IJCAI-17 Tutorial: Energy-based machine learning - Introduction
In this tutorial, we will provide an overview with concrete examples of energy-based machine learning (EBML) methods that capture dependencies between variables by associating a scalar energy term, where the objective of learning is to minimize this energy or maximize the likelihood of data. Starting with an introduction to the early foundations of deep learning in EBMLs like Boltzmann machines and their deep variants, we will cover recent work in using EBMLs for unsupervised and supervised learning of temporal sequences as well as deep reinforcement learning.
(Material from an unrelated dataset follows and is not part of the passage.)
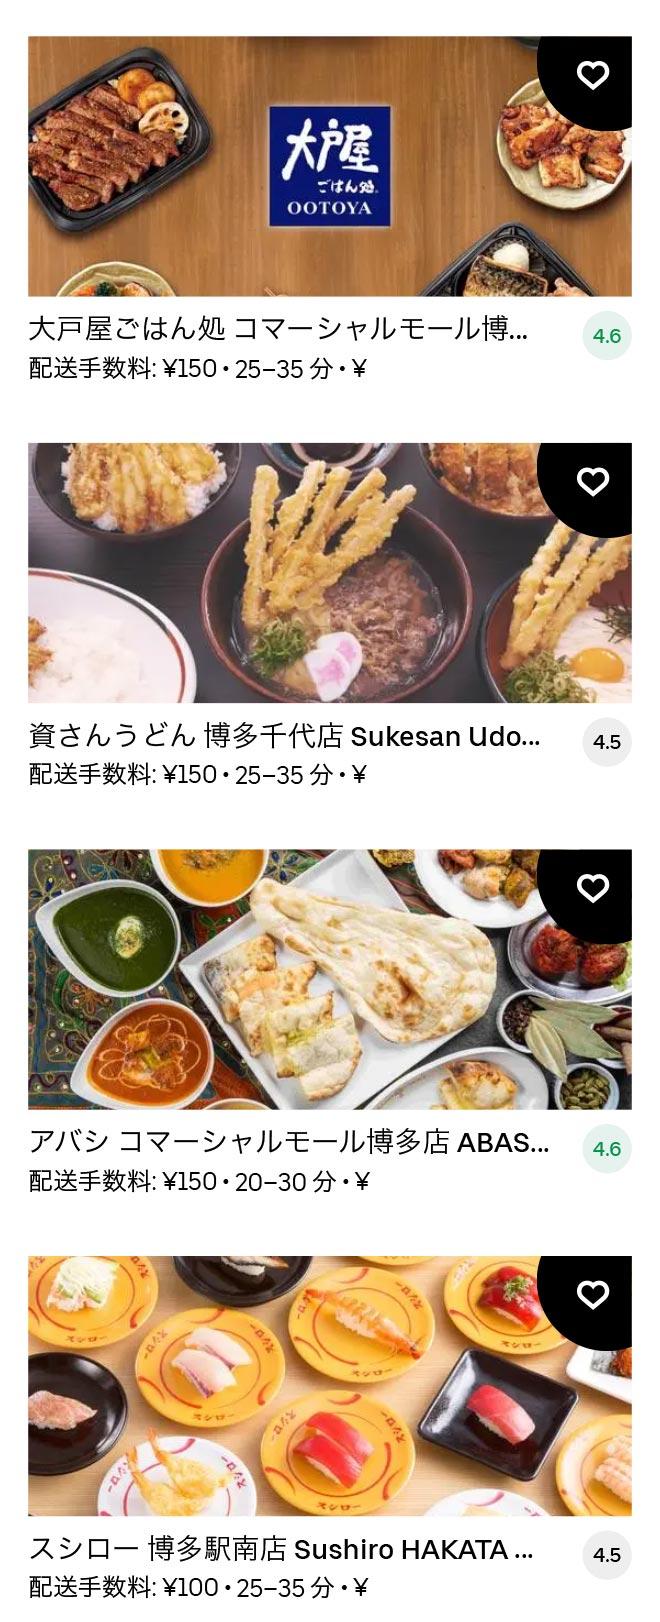 Higashi hie menu 2101 12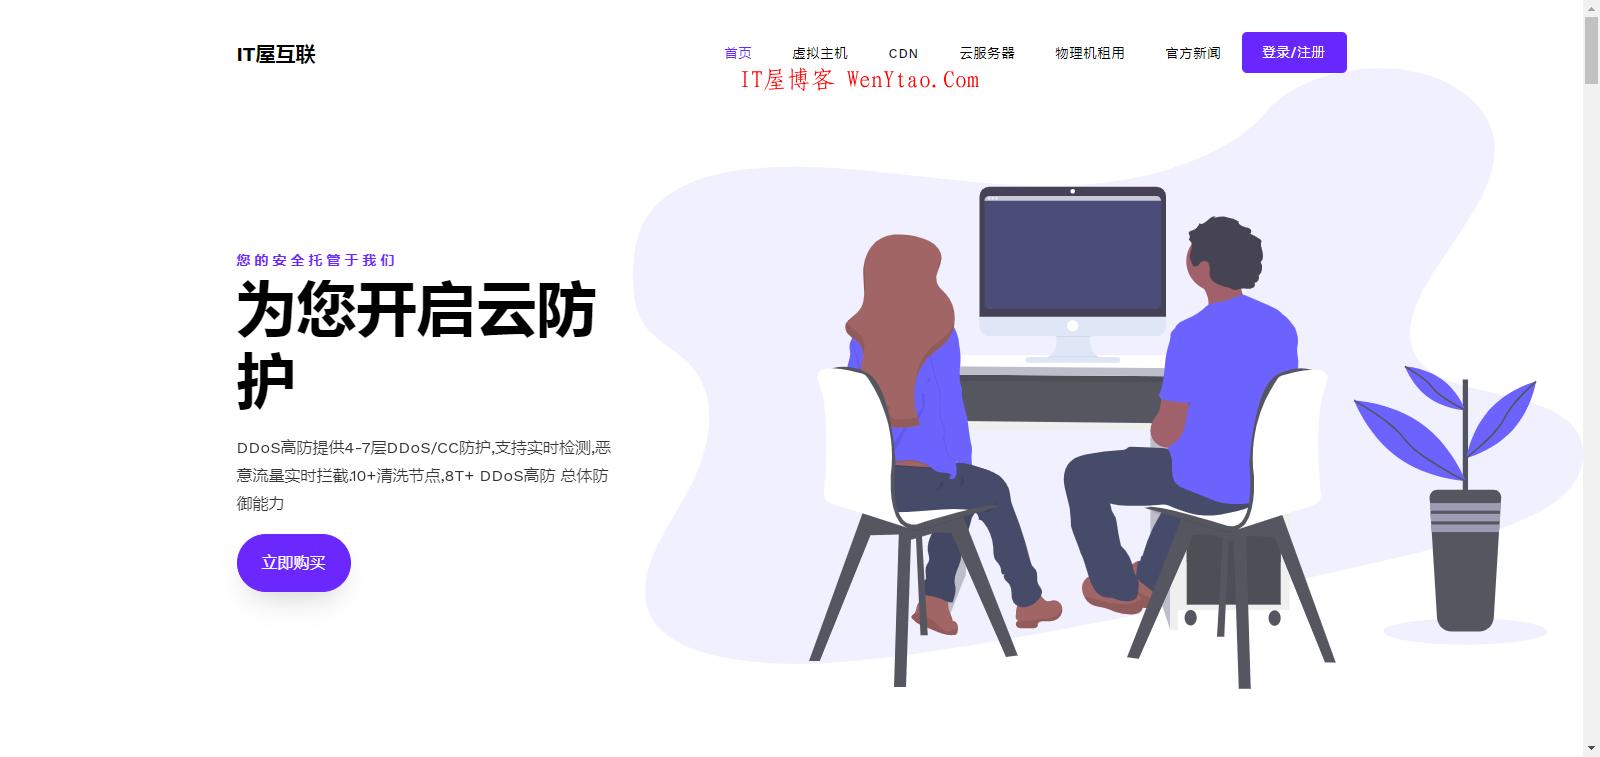 雪花开发者中心地府云自适应1号模板 雪花xueidc插件

Energy-based models (EBMLs) form the basis of deep learning, and provides a common theoretical framework for many learning models, including traditional discriminative and generative approaches, as well as graph-transformer networks, conditional random fields, maximum margin Markov networks, and several manifold learning methods. EBMLs capture dependencies by associating a scalar energy (as a measure of compatibility) to each configuration of the variables. Inference, i.e., making a prediction or decision, consists of appropriately setting the values of observed variables from data and finding values of the remaining variables that minimize the energy. Learning in EBMLs consists of finding a minimum energy configuration with the use of a suitable loss function, which is minimized during learning. Overall, we aim at introducing EBMLs to the wide AI audience, survey the key elements of the methodology and the most recent developments, and make AI practitioners aware of the set of tools that have been developed for applying EBMLs on real-world problems.
We will start with the introduction to the Boltzmann machine as a model for energy-based generative learning with spatial patterns or image data, along with its extensions like restricted Boltzmann machines that form the basis for the early success in deep learning. Although the early Boltzmann machines were less suitable for temporal sequence modeling, recent variants in combination with recurrent neural networks, like recurrent conditional restricted Boltzmann machines have been successful in this domain. Although powerful, EBMLs typically require approximate inference and learning procedures, and such drawbacks will be discussed. We will specifically focus on a recent model called dynamic Boltzmann machines (DyBM) that have been shown to give state-of-the-art results for both generative modeling of time-series as well as for supervised time-series prediction. Specifically, the DyBM provides methods for exact learning with limited computational resources. This will be juxtaposed with previous EBMLs to showcase the advantages and disadvantages compared to older models. Finally, we will give an introduction to reinforcement learning using EBML models as function approximators and discuss their use cases and success in comparison to deep reinforcement learning.